Some of the pre-Columbian artifacts that were returned to the Mexican Embassy in Berlin. (Gobierno De Mexico/Zenger News)

The pieces include bowls and other vessels, seals and an Olmec mask made by the cultures of the Gulf Coast, Central Highlands, the West and the Mayan area.

The recovery was marked in a virtual ceremony led by Mexico’s Culture Secretary Alejandra Frausto and Foreign Secretary Marcelo Ebrard.

Frausto thanked the two individuals and revealed that a total of 5,464 artifacts and historical objects have found their way back to their homeland in recent years.

One of the artifacts returned to the Mexican Embassy. (Gobierno De Mexico/Zenger News)

“The people of Germany and Mexico have shown today that cultural heritage unites us and that a respectful dialogue between nations, based on their culture, builds maps that differ from those with a point of view of one dominant culture to another,” she said.

Ebrard said the practice of recovering heritage of great and ancient civilizations has become a day-to-day priority of Mexican diplomacy.

Among the numerous anthropomorphic figures made of clay that were handed over, in addition to bowls and other vessels, the most remarkable pieces, experts said, include a 1200-1600 B.C. metamorphic rock mask from the Olmec culture, which dates to Mesoamerica’s Pre-Classic Period, and two heads in Totonac style, dating to the Classic Period (A.D. 250-900).

Another exceptional piece is a Post-Classic Period clay bowl made by the Maya in between A.D. 100 and 1521.

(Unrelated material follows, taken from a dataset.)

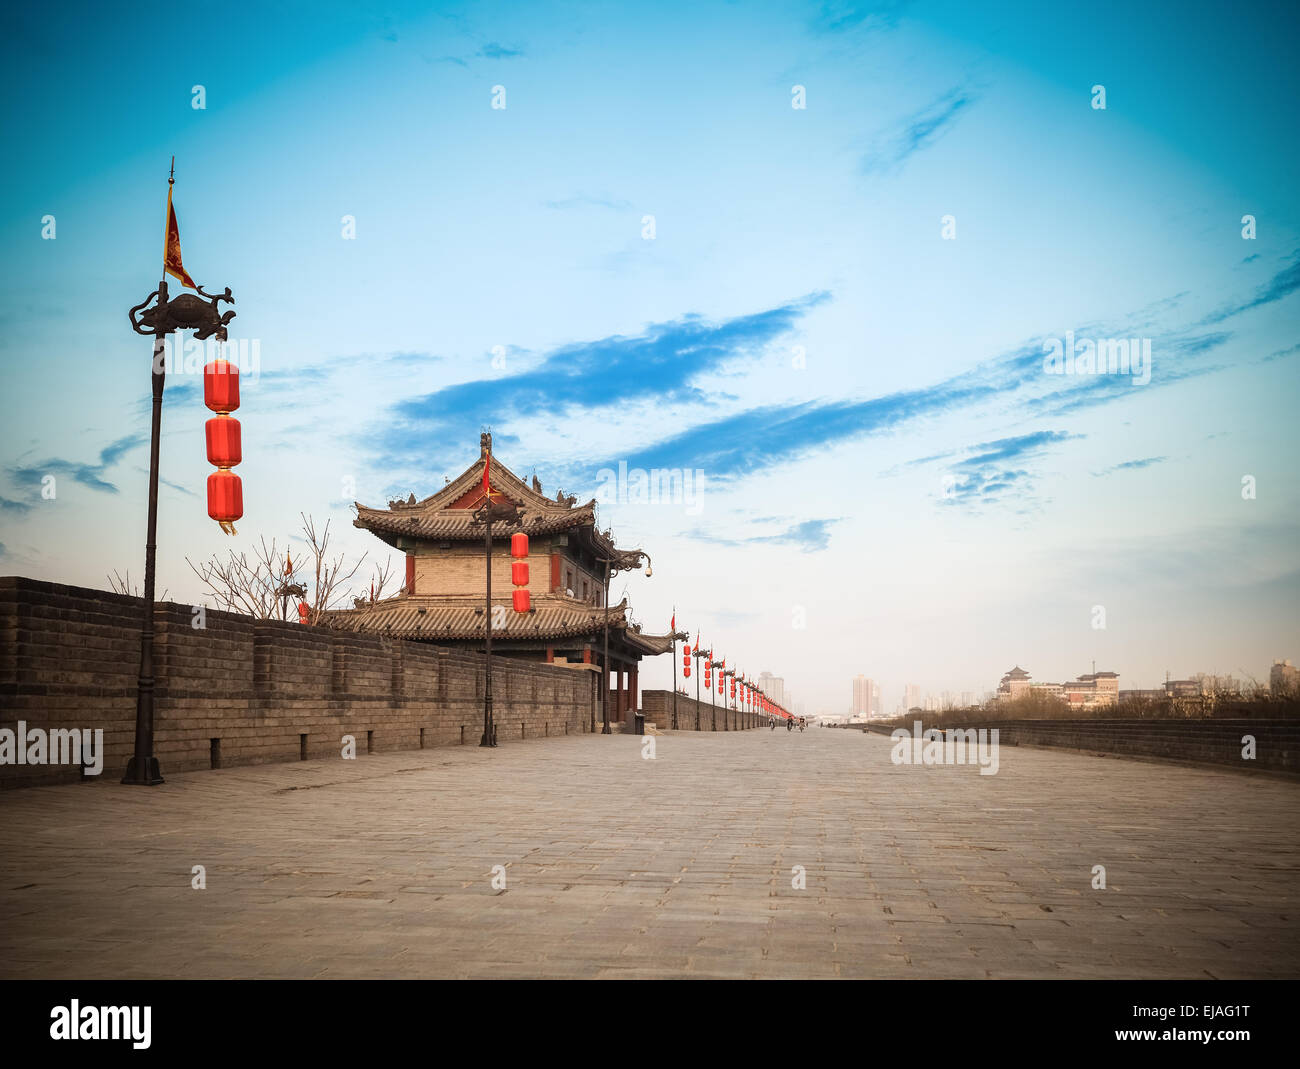 xian city wall Stock Photo

“Mexico’s heritage has to shine throughout the world, which is why the Ministry of Culture and the INAH are promoting exhibitions so that people from Europe, North and Latin America, Asia and Africa become aware of it through the generosity of our nation and not by illegal trafficking,” said Diego Prieto Hernandez, general director of the National Institute of Anthropology and History.